§ Try it
Beginning with the first line below, please restate each line exactly, down to and including the line containing "MMchen extra trocken".

Stored entries:
----

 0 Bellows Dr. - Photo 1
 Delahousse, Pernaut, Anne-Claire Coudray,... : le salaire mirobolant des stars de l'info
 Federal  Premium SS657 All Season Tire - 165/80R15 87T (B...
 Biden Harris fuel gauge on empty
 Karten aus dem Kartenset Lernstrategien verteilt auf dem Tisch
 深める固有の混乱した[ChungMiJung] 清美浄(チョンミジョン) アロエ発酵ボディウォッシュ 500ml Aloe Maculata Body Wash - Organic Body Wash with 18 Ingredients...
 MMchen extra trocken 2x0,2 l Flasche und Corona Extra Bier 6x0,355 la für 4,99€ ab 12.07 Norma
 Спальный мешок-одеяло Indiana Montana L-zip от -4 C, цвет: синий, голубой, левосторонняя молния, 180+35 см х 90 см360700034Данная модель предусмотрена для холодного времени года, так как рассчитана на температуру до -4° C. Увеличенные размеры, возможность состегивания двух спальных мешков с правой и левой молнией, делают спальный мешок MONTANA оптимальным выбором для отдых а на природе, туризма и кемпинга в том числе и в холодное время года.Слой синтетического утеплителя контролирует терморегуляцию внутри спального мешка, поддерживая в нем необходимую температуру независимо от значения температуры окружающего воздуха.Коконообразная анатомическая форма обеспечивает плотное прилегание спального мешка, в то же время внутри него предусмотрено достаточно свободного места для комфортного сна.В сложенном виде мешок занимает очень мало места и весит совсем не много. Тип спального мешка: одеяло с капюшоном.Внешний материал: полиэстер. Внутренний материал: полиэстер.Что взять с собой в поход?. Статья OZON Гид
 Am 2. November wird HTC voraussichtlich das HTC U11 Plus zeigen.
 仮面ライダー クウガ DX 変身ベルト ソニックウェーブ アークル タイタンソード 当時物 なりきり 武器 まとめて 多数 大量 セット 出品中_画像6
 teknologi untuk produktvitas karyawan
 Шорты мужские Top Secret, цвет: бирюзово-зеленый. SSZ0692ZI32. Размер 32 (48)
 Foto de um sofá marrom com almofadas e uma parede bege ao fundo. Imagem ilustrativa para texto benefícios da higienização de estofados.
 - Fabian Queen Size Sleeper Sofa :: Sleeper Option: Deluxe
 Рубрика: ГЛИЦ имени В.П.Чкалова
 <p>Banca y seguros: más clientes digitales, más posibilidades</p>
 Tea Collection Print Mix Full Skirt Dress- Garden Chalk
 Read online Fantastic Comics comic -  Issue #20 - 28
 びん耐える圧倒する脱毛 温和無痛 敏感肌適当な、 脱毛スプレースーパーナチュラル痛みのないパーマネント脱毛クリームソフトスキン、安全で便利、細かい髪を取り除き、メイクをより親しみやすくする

----

§ Task solution
 0 Bellows Dr. - Photo 1
 Delahousse, Pernaut, Anne-Claire Coudray,... : le salaire mirobolant des stars de l'info
 Federal  Premium SS657 All Season Tire - 165/80R15 87T (B...
 Biden Harris fuel gauge on empty
 Karten aus dem Kartenset Lernstrategien verteilt auf dem Tisch
 深める固有の混乱した[ChungMiJung] 清美浄(チョンミジョン) アロエ発酵ボディウォッシュ 500ml Aloe Maculata Body Wash - Organic Body Wash with 18 Ingredients...
 MMchen extra trocken 2x0,2 l Flasche und Corona Extra Bier 6x0,355 la für 4,99€ ab 12.07 Norma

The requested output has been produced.